§ **WHAT TO WORK ON**
Nothing in the records may change when you print them out again.

####################

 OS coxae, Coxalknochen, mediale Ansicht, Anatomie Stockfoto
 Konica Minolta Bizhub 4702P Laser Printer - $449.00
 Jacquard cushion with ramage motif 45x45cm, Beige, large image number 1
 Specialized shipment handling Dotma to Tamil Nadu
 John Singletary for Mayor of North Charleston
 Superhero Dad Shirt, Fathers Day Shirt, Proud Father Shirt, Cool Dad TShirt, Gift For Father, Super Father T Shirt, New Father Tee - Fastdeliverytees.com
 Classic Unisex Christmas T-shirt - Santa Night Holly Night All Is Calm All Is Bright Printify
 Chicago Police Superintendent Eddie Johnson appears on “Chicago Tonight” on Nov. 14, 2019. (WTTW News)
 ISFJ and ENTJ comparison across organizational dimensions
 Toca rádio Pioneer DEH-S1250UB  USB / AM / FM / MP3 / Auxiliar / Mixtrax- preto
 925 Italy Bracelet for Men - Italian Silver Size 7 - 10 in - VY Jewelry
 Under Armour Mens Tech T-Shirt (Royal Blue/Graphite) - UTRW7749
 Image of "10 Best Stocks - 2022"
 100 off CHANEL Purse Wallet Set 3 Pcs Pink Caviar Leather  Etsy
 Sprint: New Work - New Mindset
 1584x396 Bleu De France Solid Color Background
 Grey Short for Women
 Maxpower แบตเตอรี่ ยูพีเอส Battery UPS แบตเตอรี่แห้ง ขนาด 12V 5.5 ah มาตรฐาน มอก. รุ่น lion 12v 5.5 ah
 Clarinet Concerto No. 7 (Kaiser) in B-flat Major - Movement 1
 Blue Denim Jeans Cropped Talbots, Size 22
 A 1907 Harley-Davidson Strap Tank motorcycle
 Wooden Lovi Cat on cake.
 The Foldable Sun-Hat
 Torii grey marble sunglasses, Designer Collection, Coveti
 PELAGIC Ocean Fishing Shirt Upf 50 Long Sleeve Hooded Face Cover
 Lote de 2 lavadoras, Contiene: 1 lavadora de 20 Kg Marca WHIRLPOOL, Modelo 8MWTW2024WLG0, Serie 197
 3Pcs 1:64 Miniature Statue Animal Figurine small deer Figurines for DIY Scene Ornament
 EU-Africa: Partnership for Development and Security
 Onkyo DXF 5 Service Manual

####################

§ **FINAL ANSWER**
 OS coxae, Coxalknochen, mediale Ansicht, Anatomie Stockfoto
 Konica Minolta Bizhub 4702P Laser Printer - $449.00
 Jacquard cushion with ramage motif 45x45cm, Beige, large image number 1
 Specialized shipment handling Dotma to Tamil Nadu
 John Singletary for Mayor of North Charleston
 Superhero Dad Shirt, Fathers Day Shirt, Proud Father Shirt, Cool Dad TShirt, Gift For Father, Super Father T Shirt, New Father Tee - Fastdeliverytees.com
 Classic Unisex Christmas T-shirt - Santa Night Holly Night All Is Calm All Is Bright Printify
 Chicago Police Superintendent Eddie Johnson appears on “Chicago Tonight” on Nov. 14, 2019. (WTTW News)
 ISFJ and ENTJ comparison across organizational dimensions
 Toca rádio Pioneer DEH-S1250UB  USB / AM / FM / MP3 / Auxiliar / Mixtrax- preto
 925 Italy Bracelet for Men - Italian Silver Size 7 - 10 in - VY Jewelry
 Under Armour Mens Tech T-Shirt (Royal Blue/Graphite) - UTRW7749
 Image of "10 Best Stocks - 2022"
 100 off CHANEL Purse Wallet Set 3 Pcs Pink Caviar Leather  Etsy
 Sprint: New Work - New Mindset
 1584x396 Bleu De France Solid Color Background
 Grey Short for Women
 Maxpower แบตเตอรี่ ยูพีเอส Battery UPS แบตเตอรี่แห้ง ขนาด 12V 5.5 ah มาตรฐาน มอก. รุ่น lion 12v 5.5 ah
 Clarinet Concerto No. 7 (Kaiser) in B-flat Major - Movement 1
 Blue Denim Jeans Cropped Talbots, Size 22
 A 1907 Harley-Davidson Strap Tank motorcycle
 Wooden Lovi Cat on cake.
 The Foldable Sun-Hat
 Torii grey marble sunglasses, Designer Collection, Coveti
 PELAGIC Ocean Fishing Shirt Upf 50 Long Sleeve Hooded Face Cover
 Lote de 2 lavadoras, Contiene: 1 lavadora de 20 Kg Marca WHIRLPOOL, Modelo 8MWTW2024WLG0, Serie 197
 3Pcs 1:64 Miniature Statue Animal Figurine small deer Figurines for DIY Scene Ornament
 EU-Africa: Partnership for Development and Security
 Onkyo DXF 5 Service Manual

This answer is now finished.